Here we are, the final countdown- the last semester.

This semester has, by far, been one of the hardest I’ve ever had. Sadly, up until a few months ago it was designed to be one that wasn’t exactly easy, but at least doable. I wanted to focus on my project (my thesis) wholeheartedly. Instead, I was placed in a position where I had to finish two major projects at the same time. I’m not trying to whine or complain- I could have tried harder to avoid this, and ambitiously, I tried to tackle it. But I guess I need to remind myself and maybe the outside world that if I seem stressed or struggling, it’s because I’m under a ludicrous workload. I have learned my lesson, cross my heart! When in The Real World, I will make sure to leave ample time to recharge and do nothing.
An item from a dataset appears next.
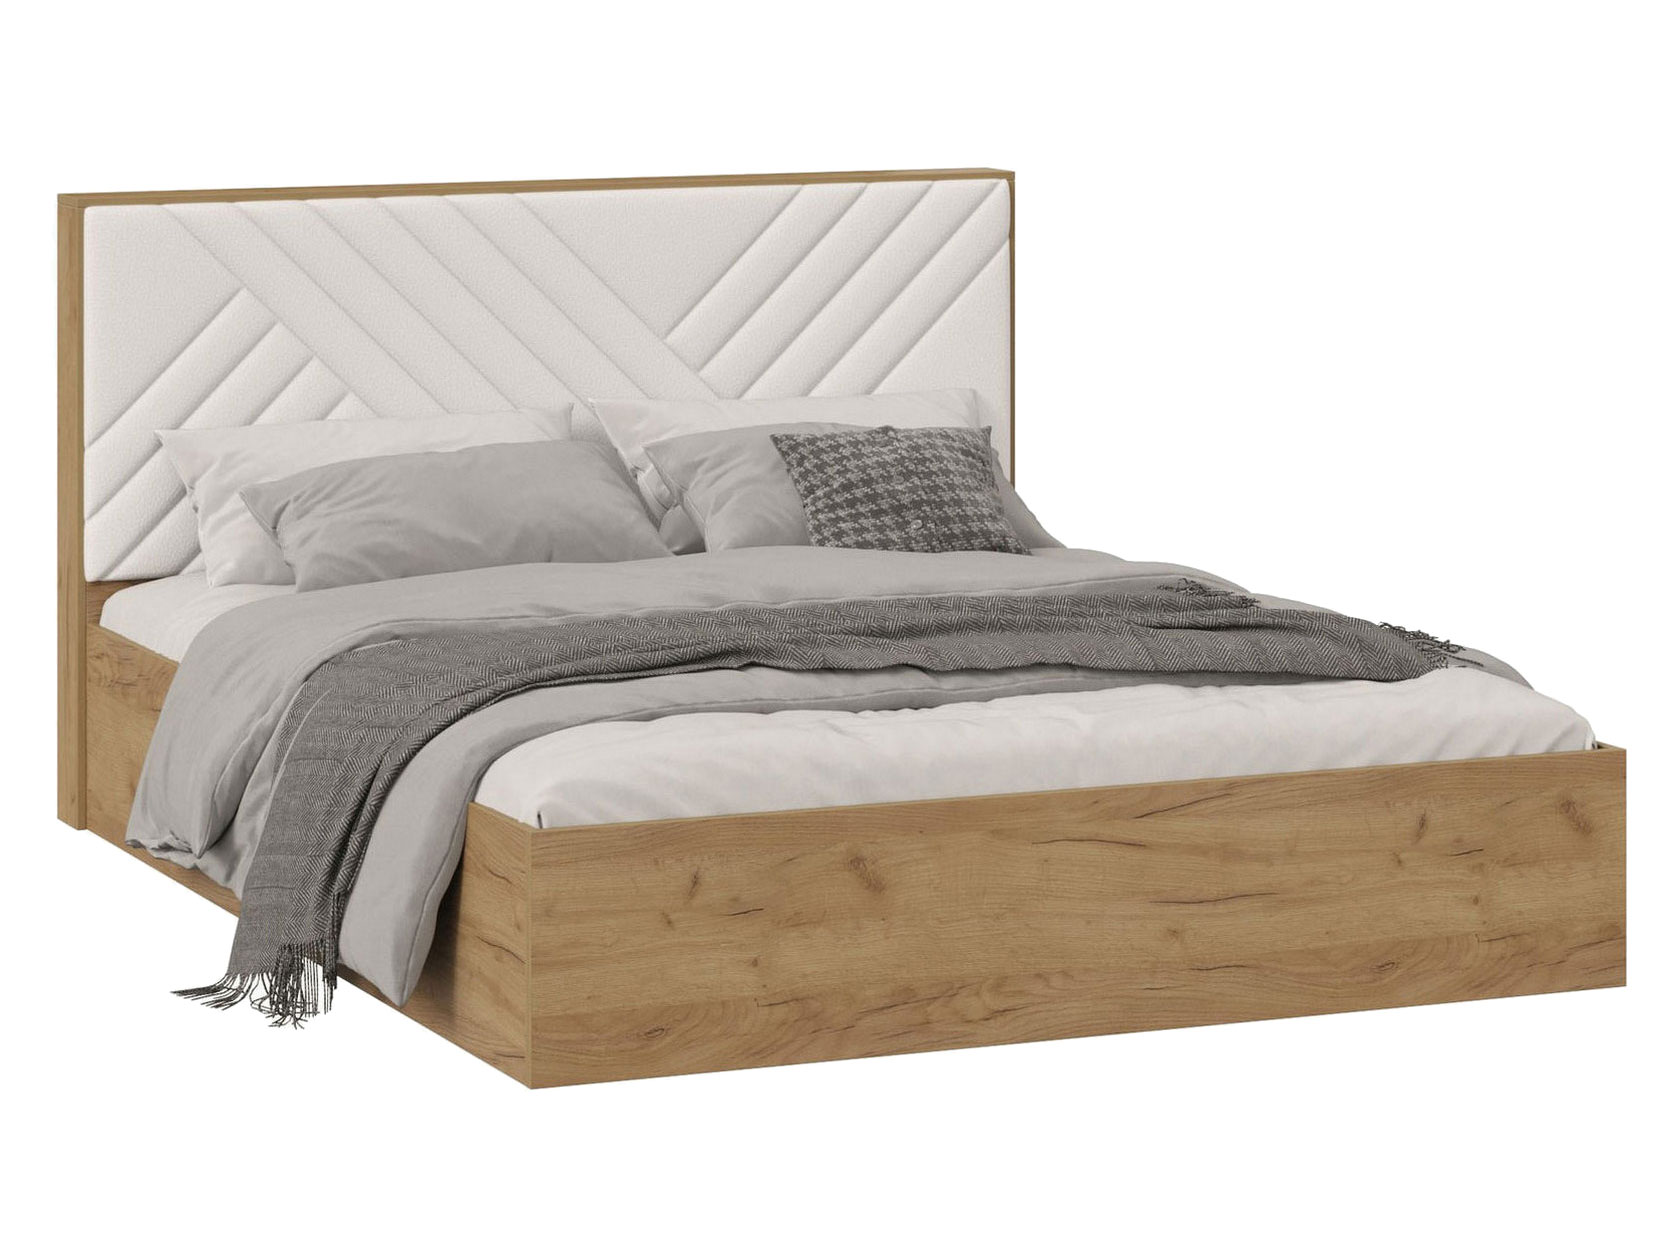 Особенности окрашивания кровати в домашних условиях

I never realized how difficult it can be and how fuzzy it makes your mind when you never have “off”- when every weekend there’s a task or project to do.

You miss out on birthdays, coffee with friends, or even just naps on the couch where you don’t HAVE to be awake for at least an hour. I’ve done a great disservice to my dog by allowing myself to become so busy, and I’m genuinely sorry for it. I know I need a break soon. I’m hoping this summer, things will calm down for me.

In the meantime……there’s always more thesis work to be done.


The Two Week Trek to Taiyuan

From February 15 to March 3rd, I was in Taiyuan, Shanxi, China, doing research for my master’s thesis about Taiyuan’s master urban plan.

I had lived in Taiyuan from 2007-2011. The changes I was starting to see at the end of my tenure are what inspired me to focus my research there. I had read a great deal online before I left: new stadium here! More buildings moving south! but nothing really prepared me for standing in the midst of so much breathtakingly rapid development.

It began the moment I left the airport.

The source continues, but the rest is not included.